*** PROVIDED DATA ***
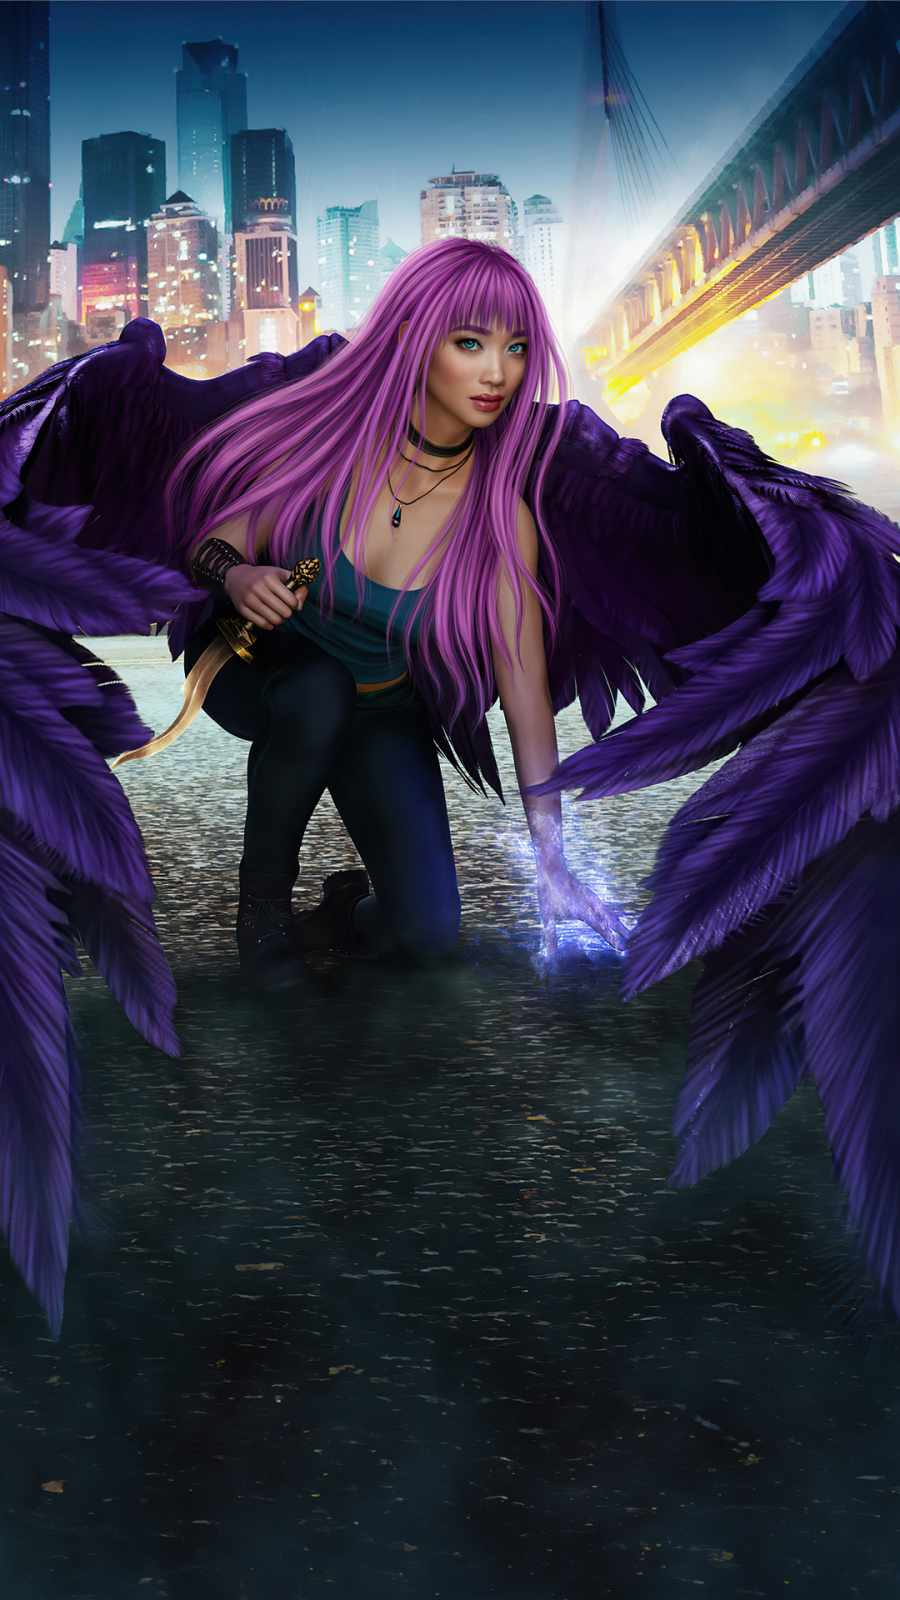 Wings of destiny iPhone Wallpaper
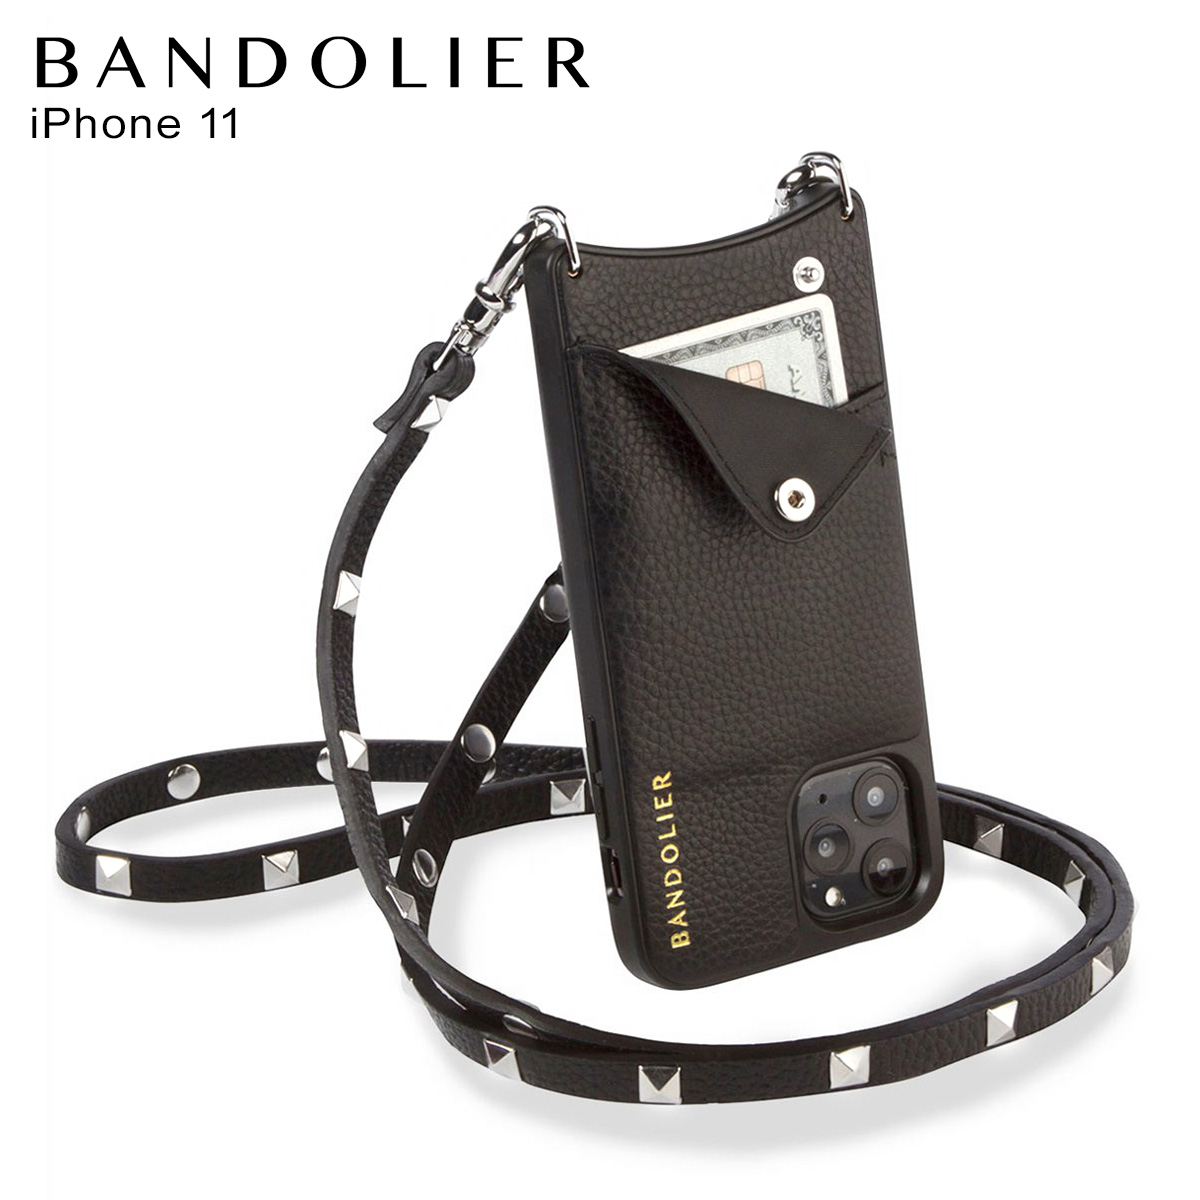 BANDOLIER SARAH SILVER バンドリヤー サラ シルバー iPhone11 ケース スマホ 携帯 ショルダー アイフォン メンズ レディース ブラック 黒 2013
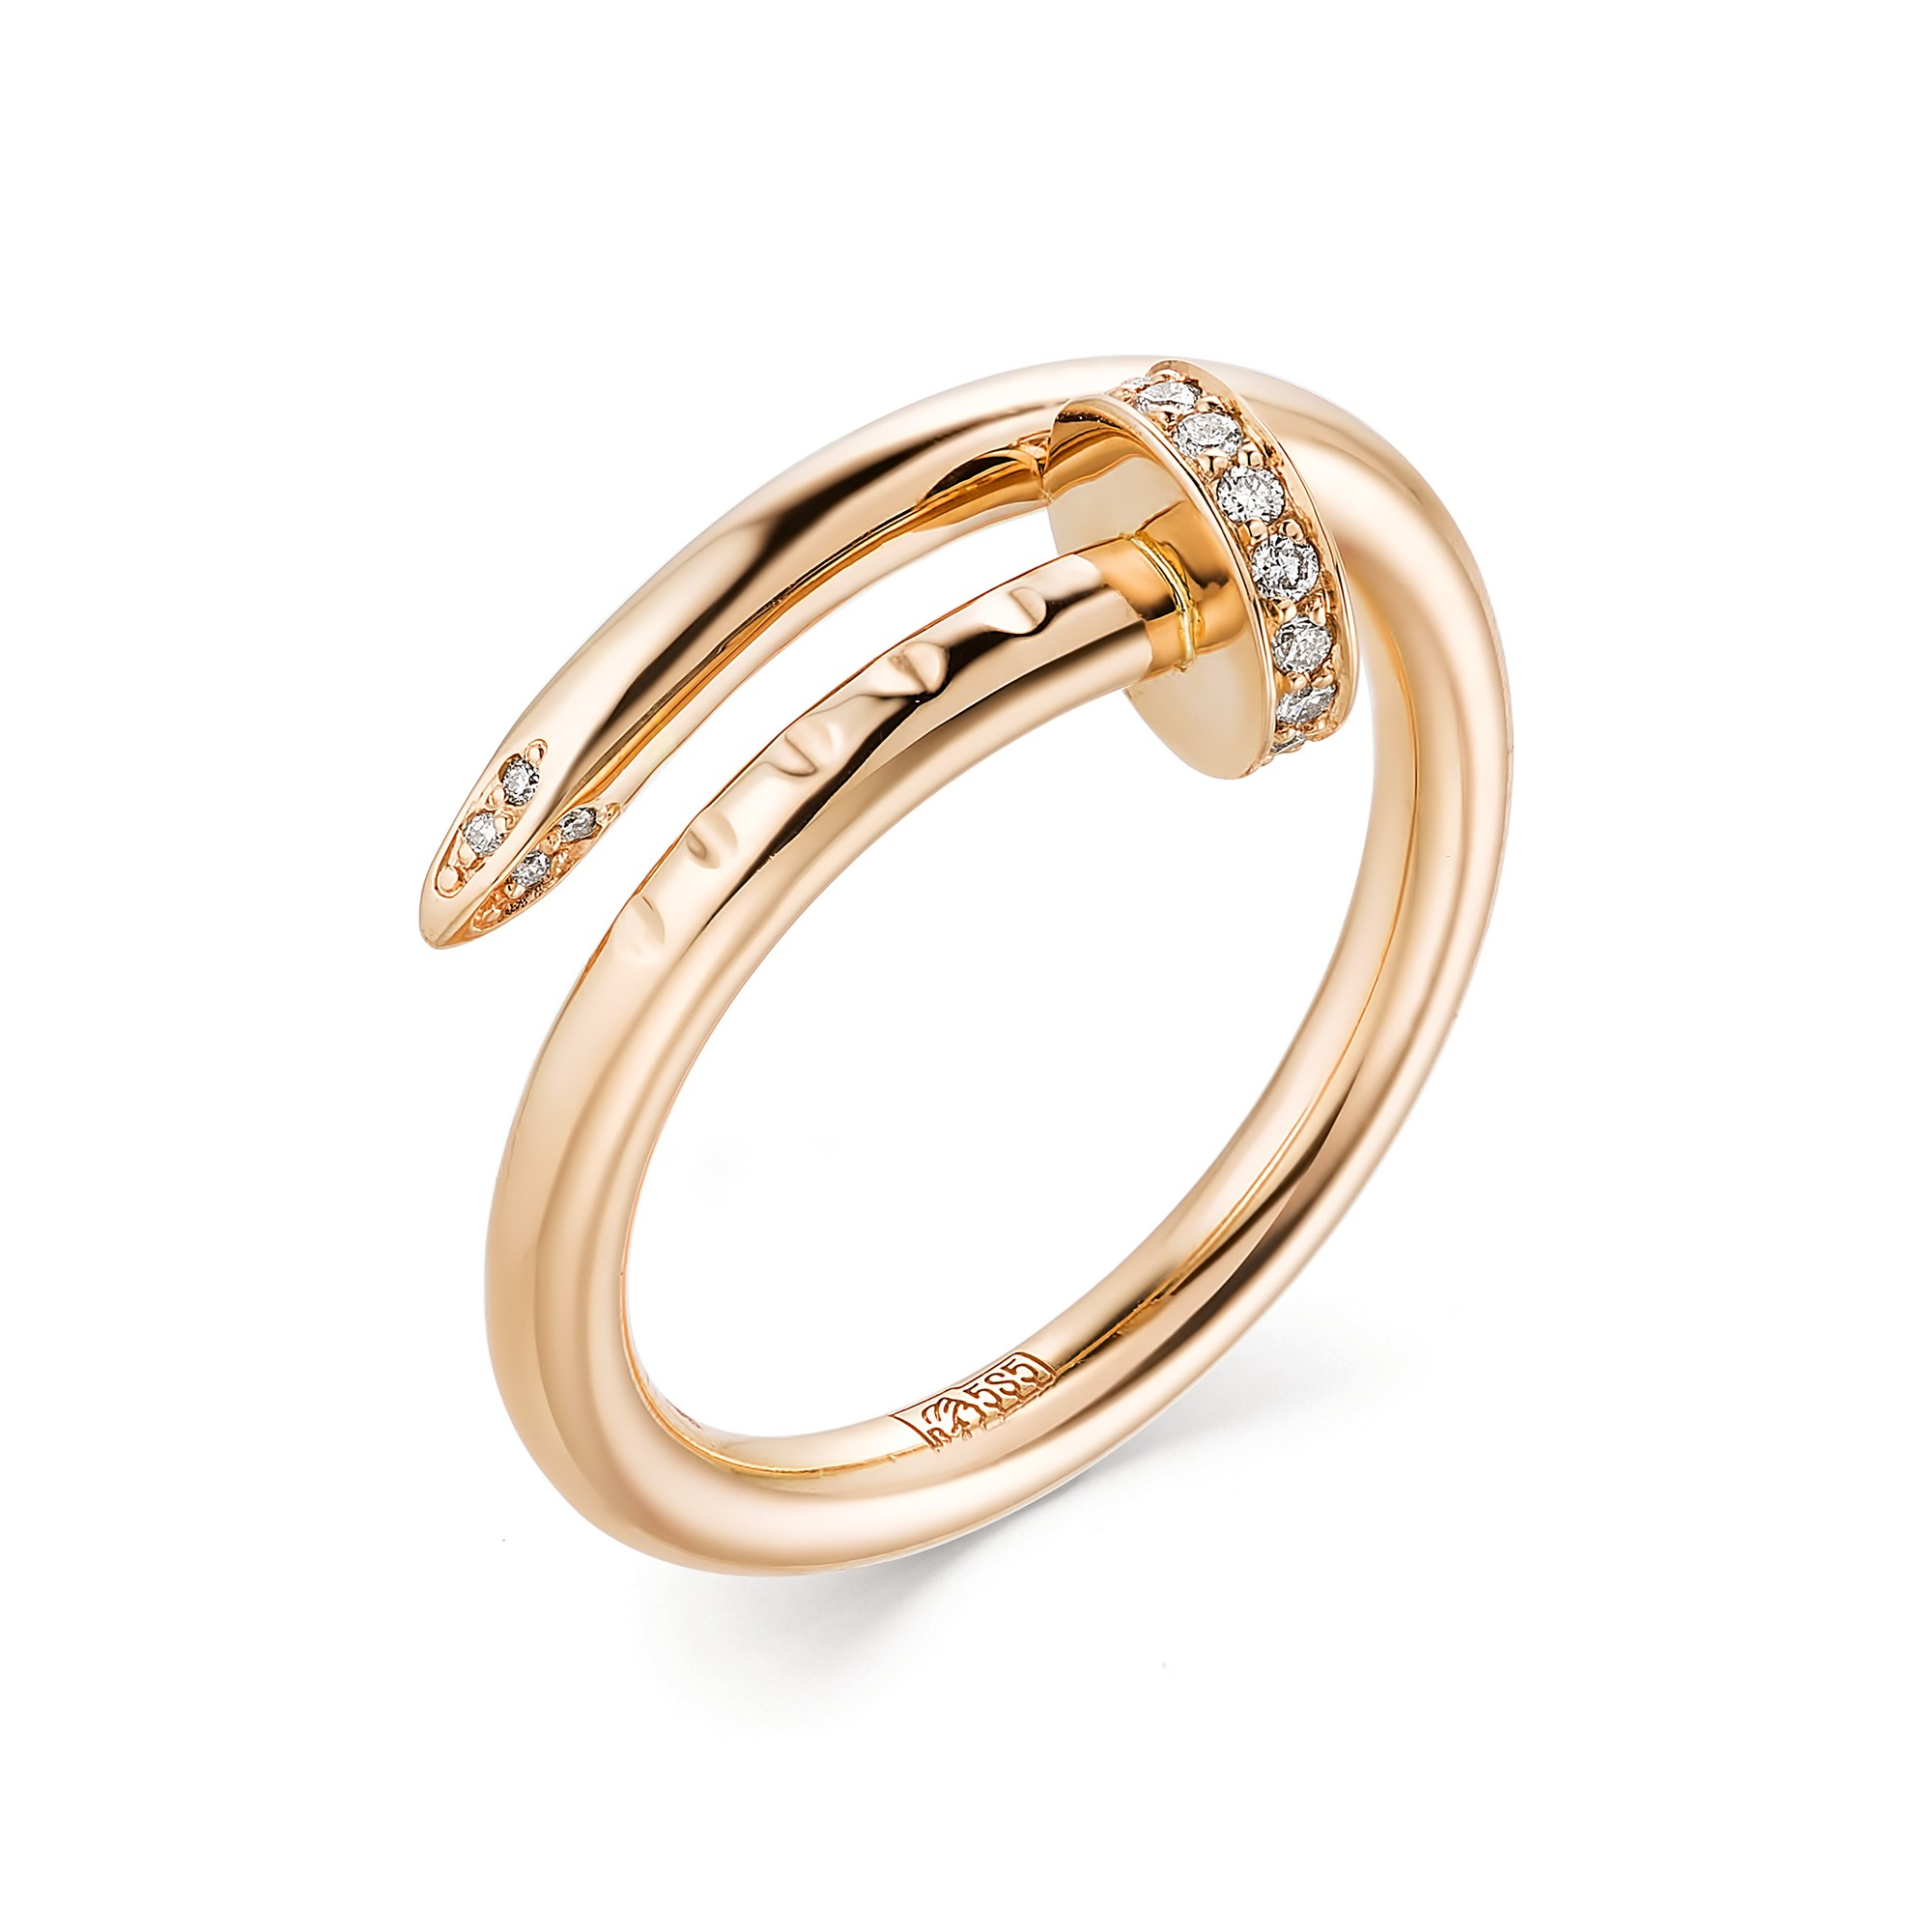 картинка кольцо 12998-100 13 бриллиант круг 57 0,091 120-200 4/5а, 8 бриллиант круг 57 0,022 200-400 4/5а 12998-100
*** End of PROVIDED DATA ***
HOW TO COMPLETE THIS TASK
The data above is to be printed exactly, all of it, except for the pictures.

ANSWER BOX
 Wings of destiny iPhone Wallpaper
 BANDOLIER SARAH SILVER バンドリヤー サラ シルバー iPhone11 ケース スマホ 携帯 ショルダー アイフォン メンズ レディース ブラック 黒 2013
 картинка кольцо 12998-100 13 бриллиант круг 57 0,091 120-200 4/5а, 8 бриллиант круг 57 0,022 200-400 4/5а 12998-100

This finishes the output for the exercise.